×
Шарады Бальдессари
Ирина Кулик

«Я больше не буду делать скучное искусство», — обещал Джон Бальдессари еще в 1971 году, исписав, как наказанный школьник, не одну страницу этим покаянным заявлением, пока не кончилась видеокассета, на которую художник снимал свою епитимью. Правда, из повинной «Я больше не буду делать скучное искусство» превратилось в рекламный слоган и гордый девиз, в 2009 году он был написан на растяжке над венецианским Гранд-каналом: биеннале чествовала Бальдессари, получившего почетного «Золотого льва» за достижения всей жизни.

«Я больше не буду делать скучное искусство» — не первое наказание, которому подверг себя Бальдессари. В 1970 году художник совершил еще более радикальный покаянный жест: сжег в печи крематория все свои картины, написанные до 1966 года, то есть до того момента, как он стал использовать в своих произведениях тексты, или, иначе говоря, создавать концептуальное искусство — полотна, на которых вместо изображений были цитаты из теоретических текстов по искусству или же простая, черным по белому, надпись «Purebeauty», «Чистая красота». (Именно так называлась прошедшая в 2009 году ретроспектива художника.) Впрочем, если жест сожжения картин, из пепла которых художник, кстати, испек печенье, был своего рода извинением за концептуализм, «Я больше не буду делать скучное искусство», ибо что может быть скучнее, чем искусство без картинок — из одних только надписей. «Исписавшись» раз и навсегда в видео 1971 года, Бальдессари сдержал обещание. Во всяком случае, его искусство трудно упрекнуть в концептуалистическом пуризме, над которым художник часто подшучивал — например, заунывным мяу он спел на видеокамеру знаменитые «Параграфы о концептуальном искусстве» Сола Ле Витта. Автор «Чистой красоты» явно сомневался в возможности чистого искусства, будь то концептуалистские идеи без шелухи образов или образы, девственно чистые, без идей художественности. В отличие от ортодоксальных концептуалистов и поп-артистов Восточного побережья, калифорниец Бальдессари, живущий в Лос-Анджелесе, работает на стыке двух вроде бы противостоящих направлений.

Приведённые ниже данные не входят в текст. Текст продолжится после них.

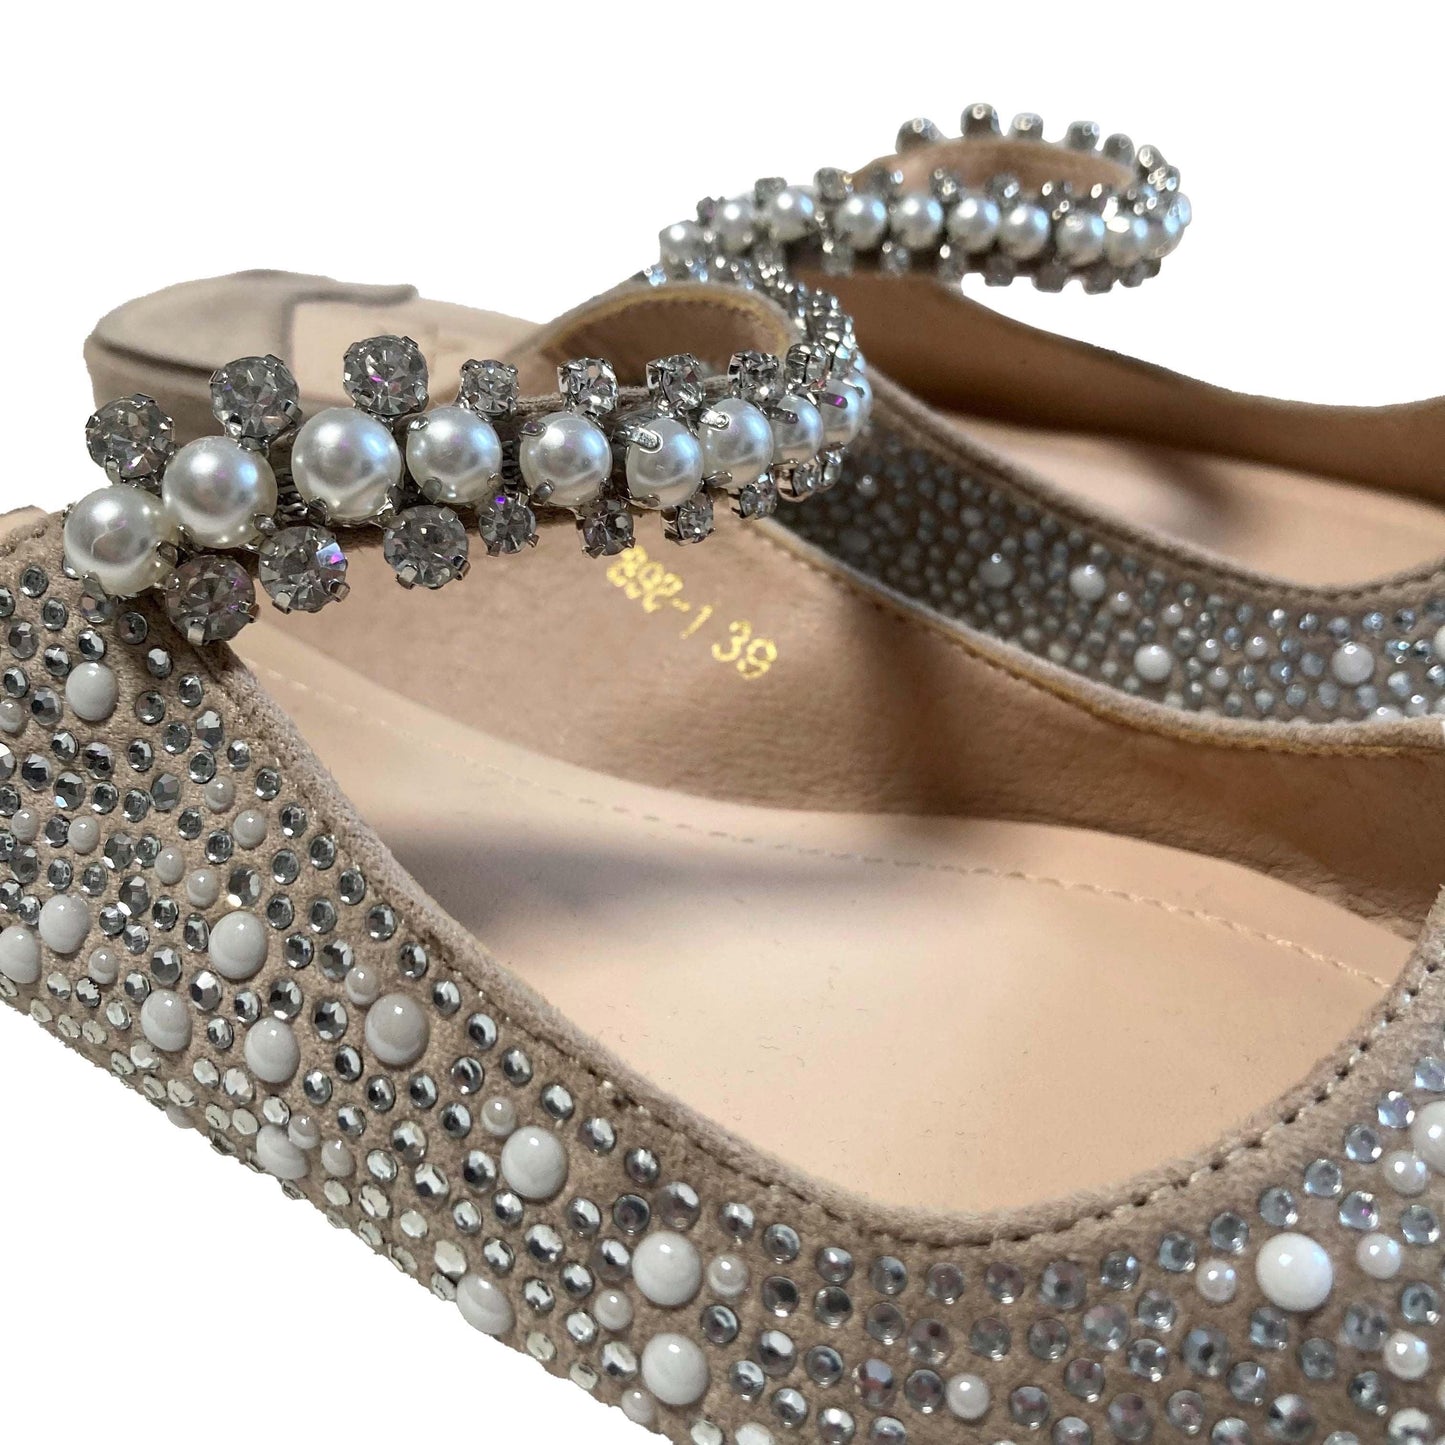 Grey flat shoes embellished with shiny pearls

Бальдессари — синефил, считающий, что самым влиятельным художником 1960-х был не Уорхол и не Джаспер Джонс, а Жан-Люк Годар, покупавший в голливудских студиях кадры из фильмов — настоящие кусочки кинопленки, собиравший огромную картотеку тщательно классифицированных кинообразов, будь то «Поцелуи» или «Индейцы на лошадях», и с 1970-х годов использующий эти кинокадры в своих работах. Лица многих киногероев на его полотнах закрыты разноцветными кружками вроде ценников. Но эти вторжения вовсе не разрушают очарования киноповествования и на самом деле вряд ли его деконструируют. Скорее напротив, ощущение, что за цветными пятнами лица по-прежнему продолжают отражать все перипетии сюжета, вне зависимости от того, видит их публика или нет, создает дополнительный саспенс и притяжение.

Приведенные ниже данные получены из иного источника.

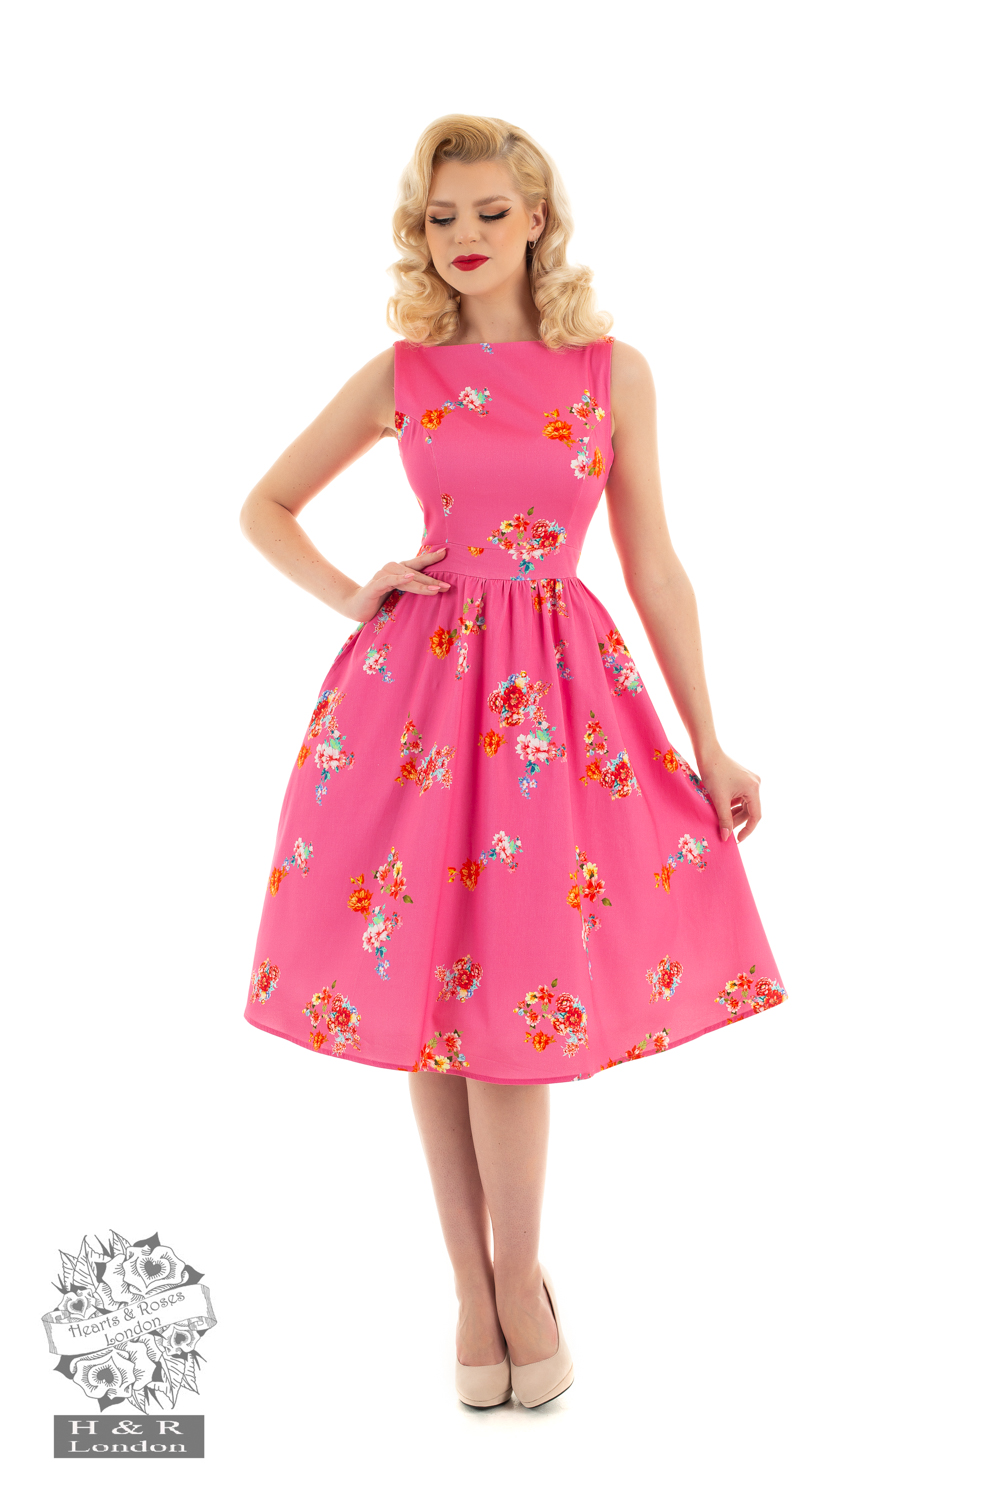 Polly Floral Swing Dress

В «постгуттенберговскую» эпоху звукового кино, телевидения или YouTube слова уже не могут обходиться без образов, а образы — не быть вовлеченными в сюжет. Повествование не так-то просто разорвать, и не факт, что произведение может по-прежнему говорить само за себя и избавиться от неумолкающих закадровых голосов всевозможных интерпретаций. Даже искусство «дозвуковой» эпохи оказывается озвучено ими, даже классические картины из автономных и молчаливых произведений превратились в кадры из фильма: одним из первых синефильских трофеев Бальдессари был кинокадр с картиной Ван Гога, видимо, фрагмент из фильма-байопика «Жажда жизни».

Показанная в Гараже выставка Бальдессари «1+1=1», на которой представлено несколько новейших живописных циклов художника — ««Раздвоение», «Двойной киносеанс», «Две главные роли (части 1 и 2)» и «Двойной альбом», — своего рода исследование существования произведения изобразительного искусства в эпоху неотделимости слова от изображения. На первый взгляд это тотальная победа всеядной и ненасытной визуальности поп-арта над ригористической текстуальностью классического концептуализма. По выставке Бальдессари можно принимать экзамены по истории искусства. Каждое произведение здесь — причудливая шарада, где фрагменты произведений одних художников соотнесены с именами других. Под растекшимися часами подписано «Дюшан», под колесом на табуретке — «Малевич», матис-совский аквариум с красными рыбками подписан «Уорхолом» и меняет цвета с уорхоловской легкостью, а вот консервные банки приписаны Солу Ле Витту. И это еще самая легкая часть игры. На следующем уровне и картины менее хрестоматийные, а к ним добавляются названия фильмов. Так, уорхоловская композиция из следов, образующих схему танцевальных па, названа «Blast of Silence» («Взрыв тишины»), как американский триллер 1961 года, а вариация на тему выложенного из спичек портрета Франсиса Пикабиа — «Criss Cross» («Крест-накрест»), как нуар Роберта Сиодмака 1949 года. Дальше появляются названия песен, в основном позаимствованные у друга Бальдессари, Тома Уэйтса, соотнесенные с трудно опознаваемыми фрагментами живописи. Например, резиновая перчатка рядом с аркадой, но без античной головы, с натюрморта Де Кирико названа «Eyeball Kid».

Бальдессари словно бросает вызов и заведомой анонимности образов поп-арта, и ригоризму кошутовского «Стула», который стул, даже если их три. Но концептуализм и поп-арт в его новых работах все же оказываются сведенными к общему предшественнику, конечно же, Рене Магритту с его вариациями на тему «Это не трубка» и работами наподобие «Толкования сновидений» — полотнами, похожими на страницы азбуки, в которых, однако, подписи не соответствуют картинкам за редкими и оттого еще больше сбивающими с толку исключениями. (Магритт — одна из постоянных референций для Бальдессари, а в 2006 году он даже выступил дизайнером выставки «Вероломство образов. Магритт и современное искусство» в лос-анджелесском музее LACMA.) Впрочем, если Магритт сочинял шарады без разгадки, головоломки Бальдессари вполне можно решить. «1+1=1» — не об утрате смысла, но о том, что множественность накладывающихся друг на друга значений необязательно ведет к бессмыслице. Путаница в произведениях Бальдессари не выглядит непоправимой. История искусства для него здесь — не сюрреалистический «изысканный труп», но ассистентка фокусника, живой и невредимой выпархивающая из ящика после того, как ее разрезали на части и сложили вновь.